▶ _Work instruction_:
Leave every picture out, then reproduce the rest of the listing exactly.

▶ _Given information_:
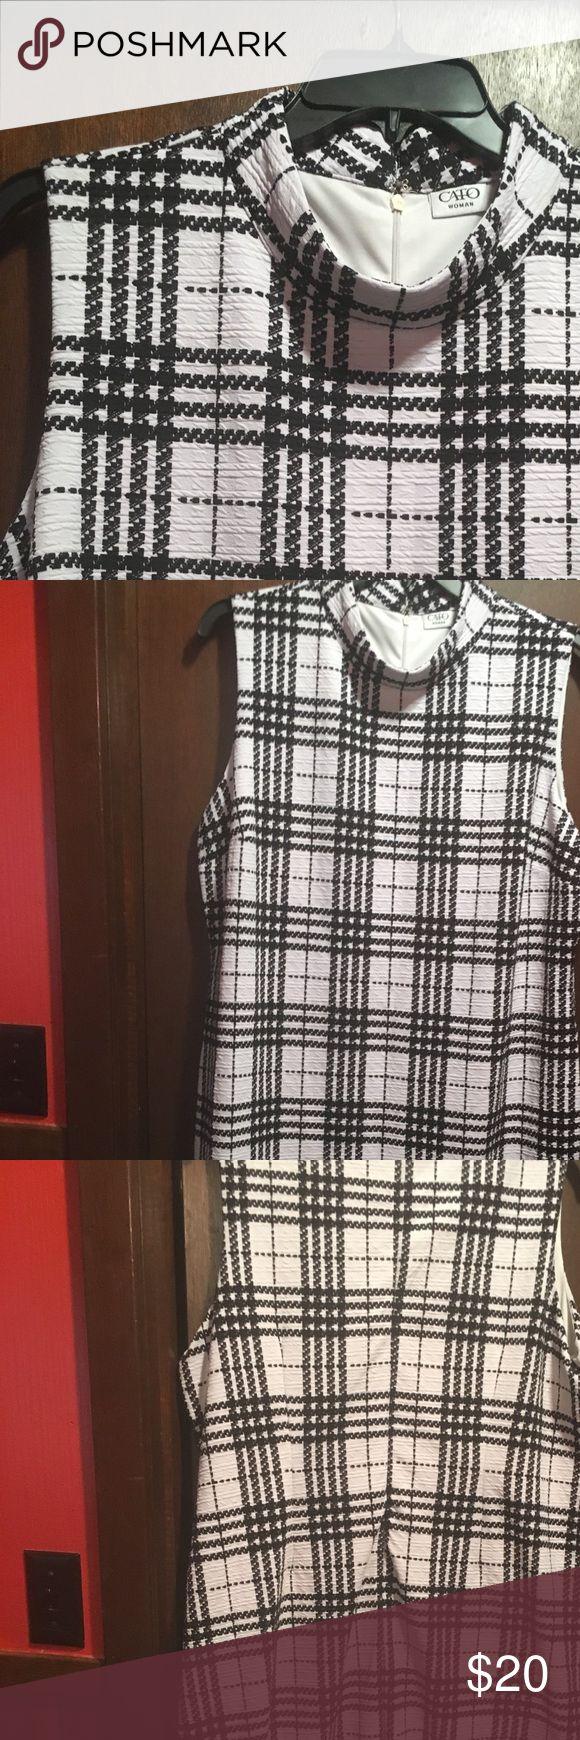 Size 22/24 striped dress Size 22/24 sleeveless dress. Knee length. Mock neck. Black/white stripe Dresses Midi
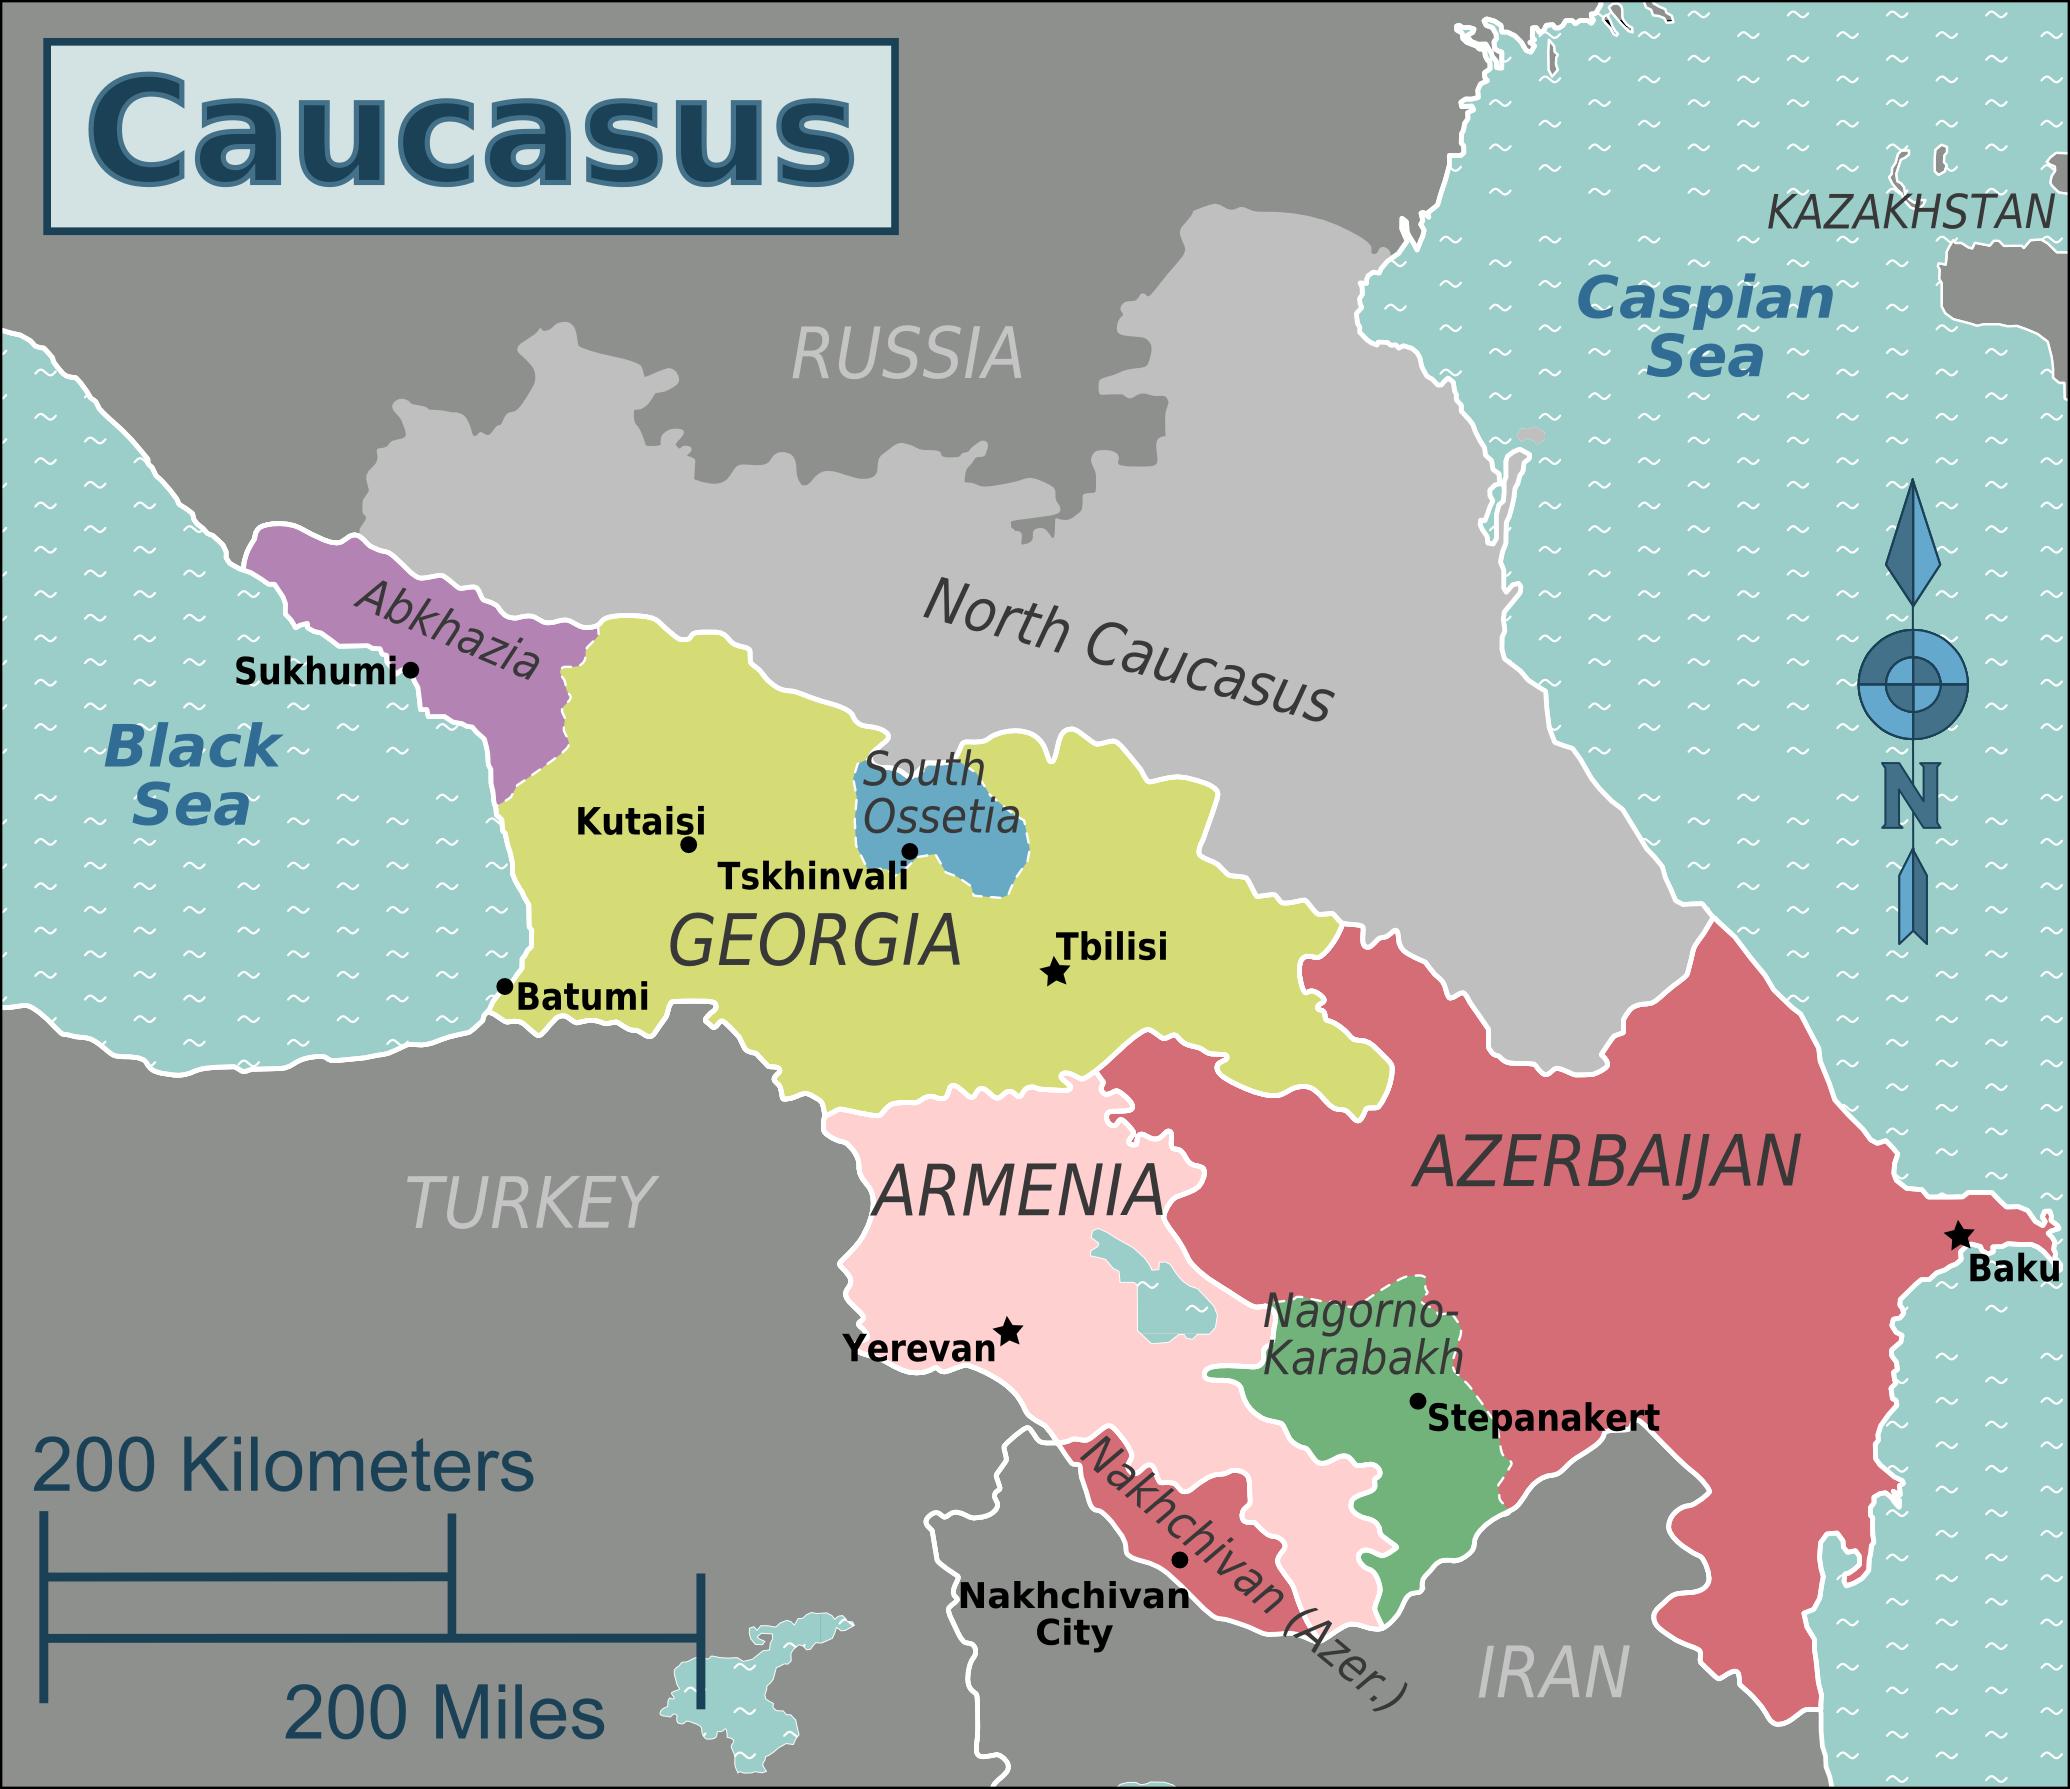 EODE TT - VU DES USA caucase confrontation (2015 08 20)  FR (2)
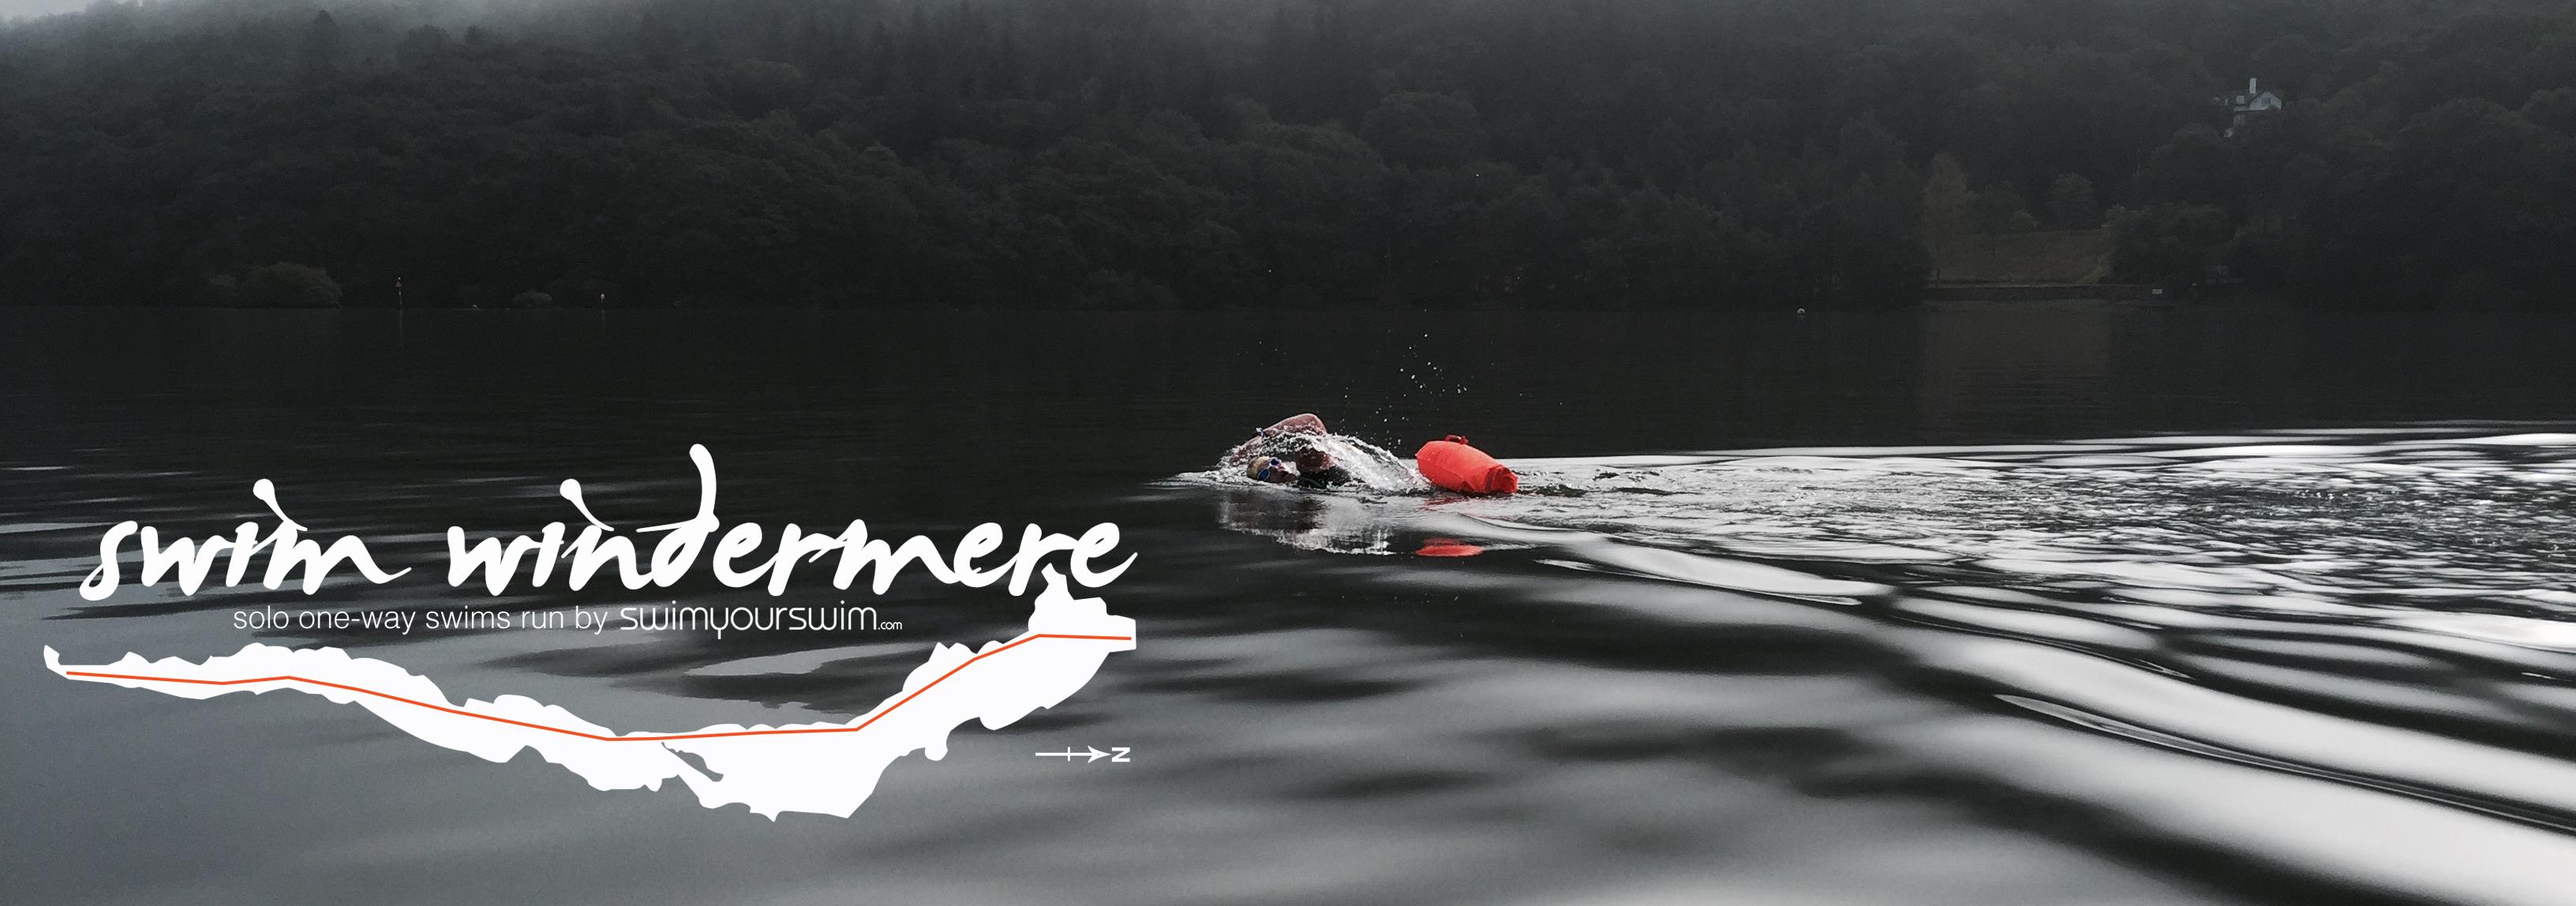 swimwindermere-solo-image

▶ _Answer space_:
 Size 22/24 striped dress Size 22/24 sleeveless dress. Knee length. Mock neck. Black/white stripe Dresses Midi
 EODE TT - VU DES USA caucase confrontation (2015 08 20)  FR (2)
 swimwindermere-solo-image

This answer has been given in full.